Владимир Дрыжак - Воскресение Петрова. Страница 3

- Там листинги...

- Разберемся, - сказал милиционер. - Пройдемте в отделение, там и разберемся, чьи это листики.

- Тоже мне, аристократ.., - язвительно заметил однофамилец.

- Пройдемте! - гаркнул милиционер, завершая дискуссию.

В отделении, куда они "прошли", народу било достаточно. Милиционер поставил их в очередь, сказав лейтенанту, сидевшему за конторкой, что "товарищи в легком подпитии нарушали общественный порядок, но без особого криминала, так что по десятке с носа - и можно отпустить".

Очередь двигалась медленно. Нарушители общественного порядка препирались и бранились, сваливая друг на друга все грехи. Петров уселся на скамейку, а однофамилец подсел рядом. Петров хотел пересесть, но свободных мест не было, и он только отвернулся.

- Нy вот, видишь, чем дело кончилось? Я тебя предупреждал, между прочим... Ты не дуйся, как индюк, а слушай. Участковому скажем, что, мол, братья, а поссорились случайно, понял? - Забубнил он.

- Что-о? Братья?! - Петров аж поперхнулся от злости.

- Но-но-но! Не очень то... А то ведь я могу и обидеться. Скажу, что ты меня публично оскорбил, и адью. Пятнадцать суток обеспечено.

- Пошел ты к...

- Ладно-ладно, посмотрим, кто куда пойдет! Разговор на этом прекратился. Петров, однако, постепенно начал осознавать, что попал в очень неприятную историю. Сообщат на работу, будут склонять в кулуарах... Зря он, конечно, погорячился. Лучше все уладить миром и разойтись, как в море корабли.

Он повернулся к однофамильцу.

- Ты что, действительно Петров, или так, придуриваешься?

- Я-то? Конечно Петров, а кто же я. по-твоему? Самый натуральный Петров Вадим Сергеевич - Вадик, значит. Родился в одна тыща девятьсот шестьдесят втором году, русский, беспартийный, холостой...

Петров похолодел. Он точно помнил, что в паспорт этот тип даже не заглянул - тогда откуда же он мог узнать год рождения?

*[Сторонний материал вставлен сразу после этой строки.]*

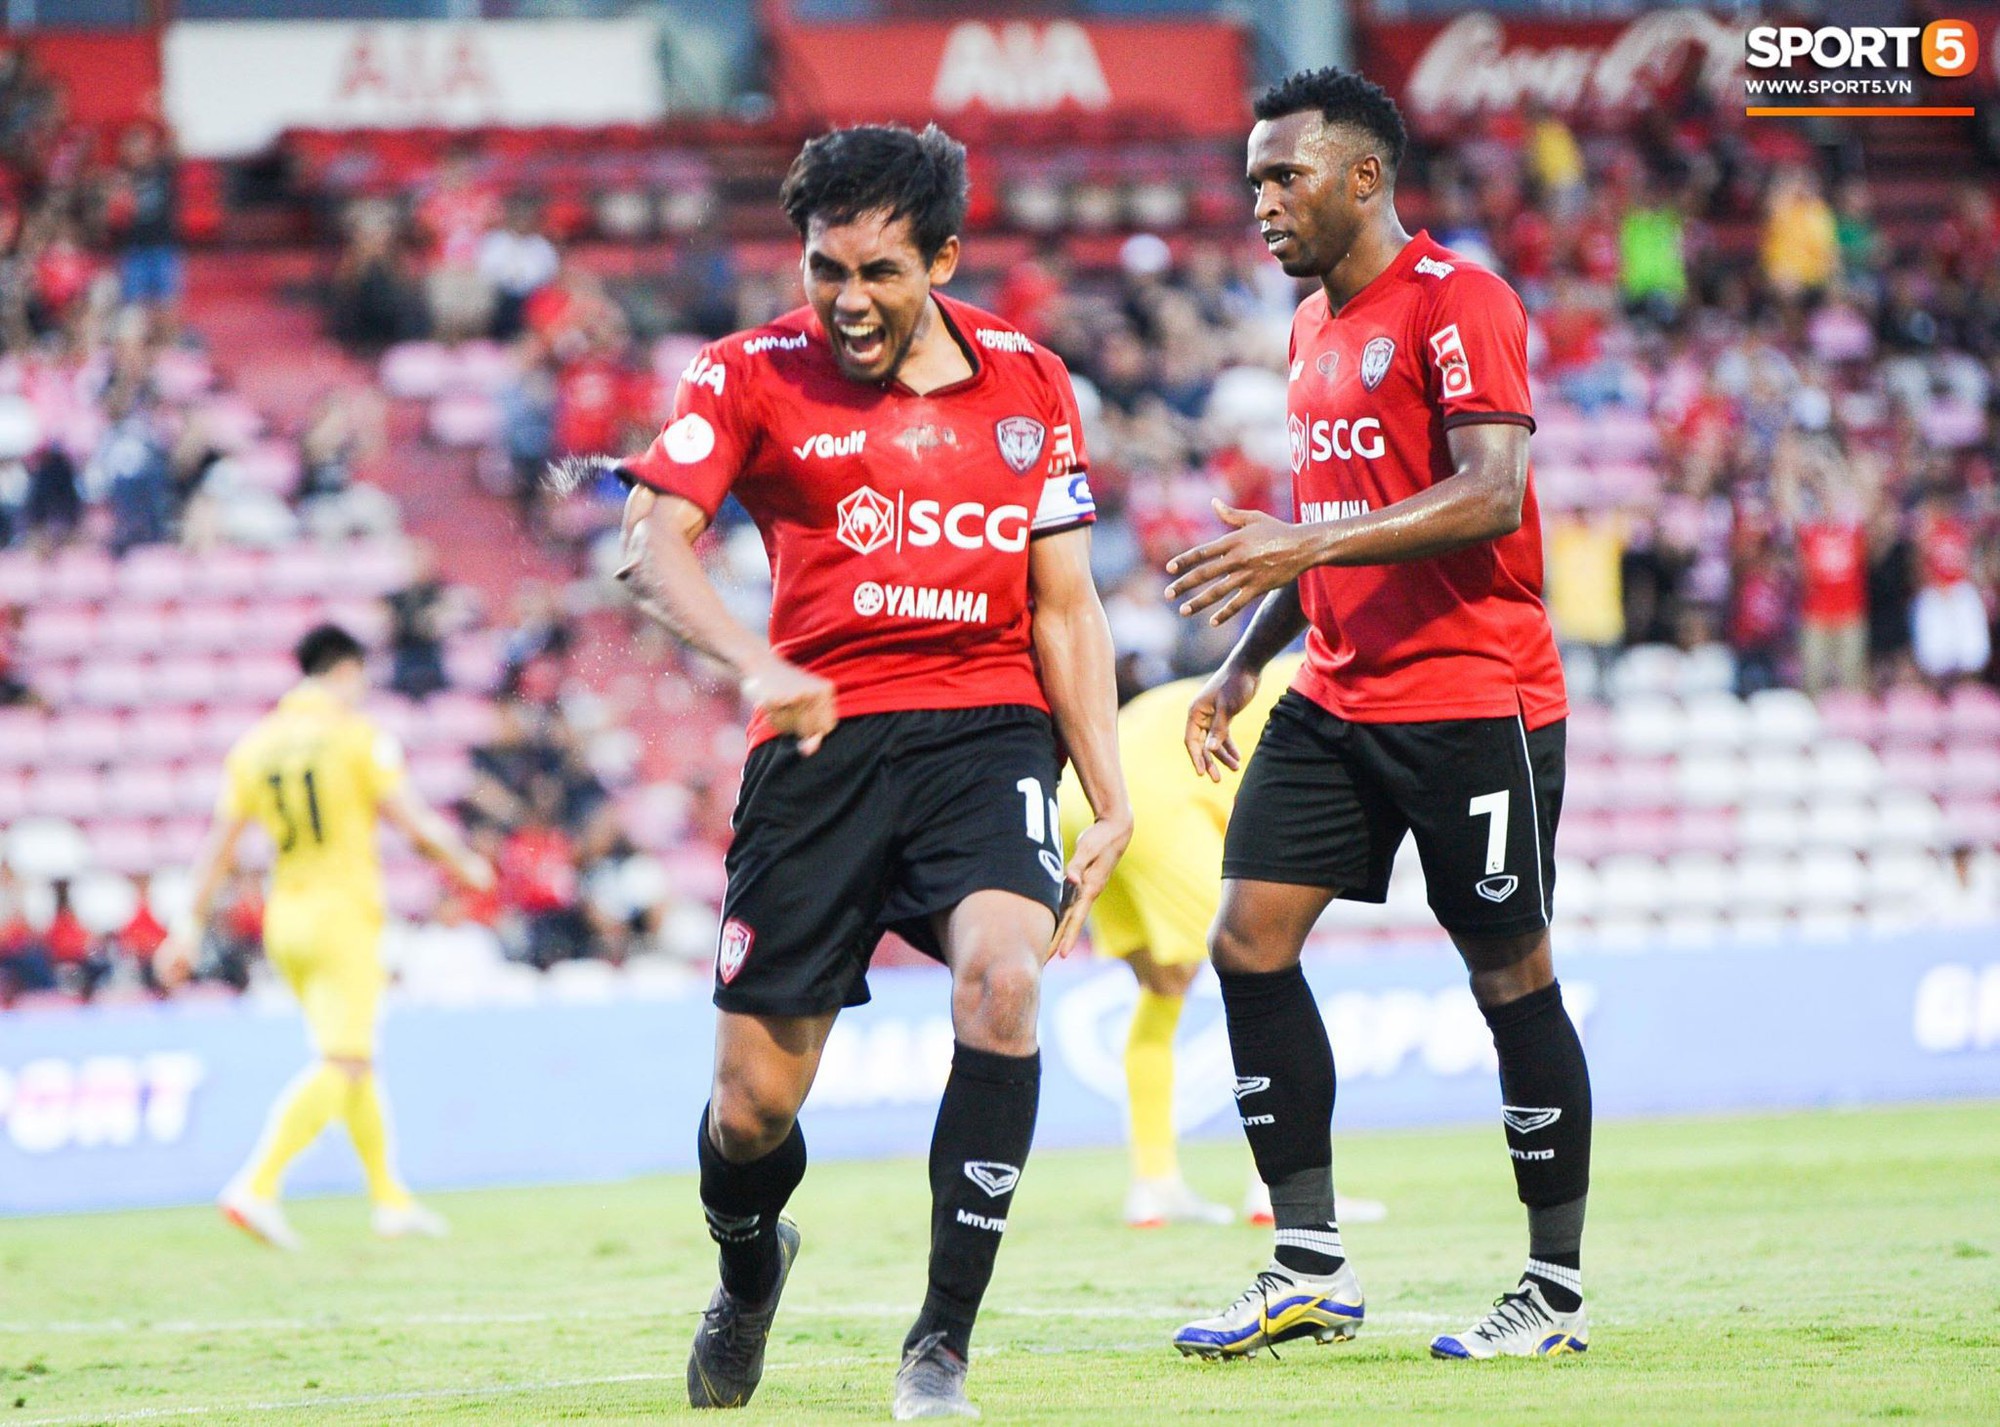 Tiền đạo số 1 tuyển Thái dè chừng Hải Quế, Đình Trọng tại Kings Cup 2019 - Ảnh 6.

- ...Место рождения - город Саратов, - проникновенным голосом вещал однофамилец, - отец - Сергей Никанорович, из служащих, русский, мать - Татьяна Петровна, украинка...

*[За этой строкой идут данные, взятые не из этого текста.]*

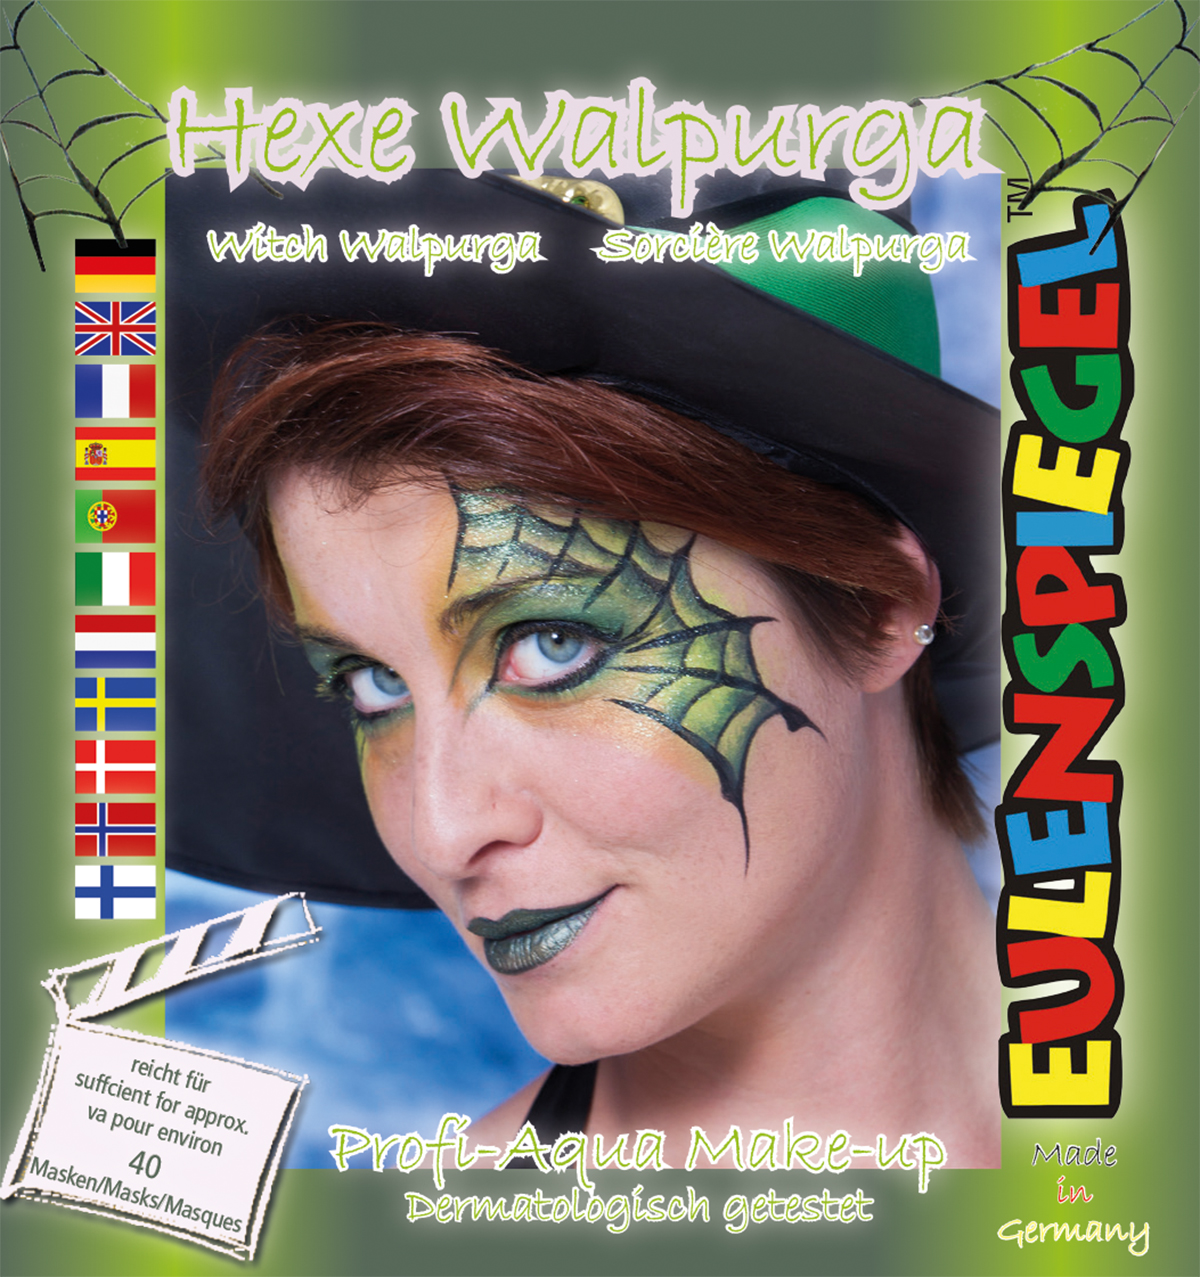 Motiv-Set Hexe Walpurga mit 4 Farben, Pinsel und Anleitung

Про отца и мать даже в паспорте ничего не было! Только в метриках...

- Откуда ты знаешь? - прошептал Петров, чувствуя, как деревенеет лицо, и противно засосало под ложечкой.

- Да я тебе говорю, дураку, что мы с тобой - одно и то же. Неужели не понятно. Один и тот же человек, только в разных лицах.

- Ерунда какая, господи ты боже мой...

- Если бы... А этот твой господи, между прочим, был даже в трех лицах: отец, сын и святой дух,

- Святой дух.., - простонал Петров, - Идиот! Да ты просто сумасшедший!

Он попытался встать - ноги были как ватные.

- Сиди и не рыпайся, - строго предупредил однофамилец, А то залетишь на пятнадцать суток. На тебе мой паспорт убедись.

Он вынул из-за пазухи довольно свежий на вид паспорт и сунул его Петрову.

Петров взял паспорт дрожащими руками и стал читать подряд страницу за страницей - и то, что было напечатано, и то, что написано от руки. Это был сон, кошмарный сон! Петрову захотелось проснуться, но не мог, не знал, как это сделать. Паспорта отличались только пропиской, серией и номером. Однофамилец был прописан совсем по другому адресу, да и то временно.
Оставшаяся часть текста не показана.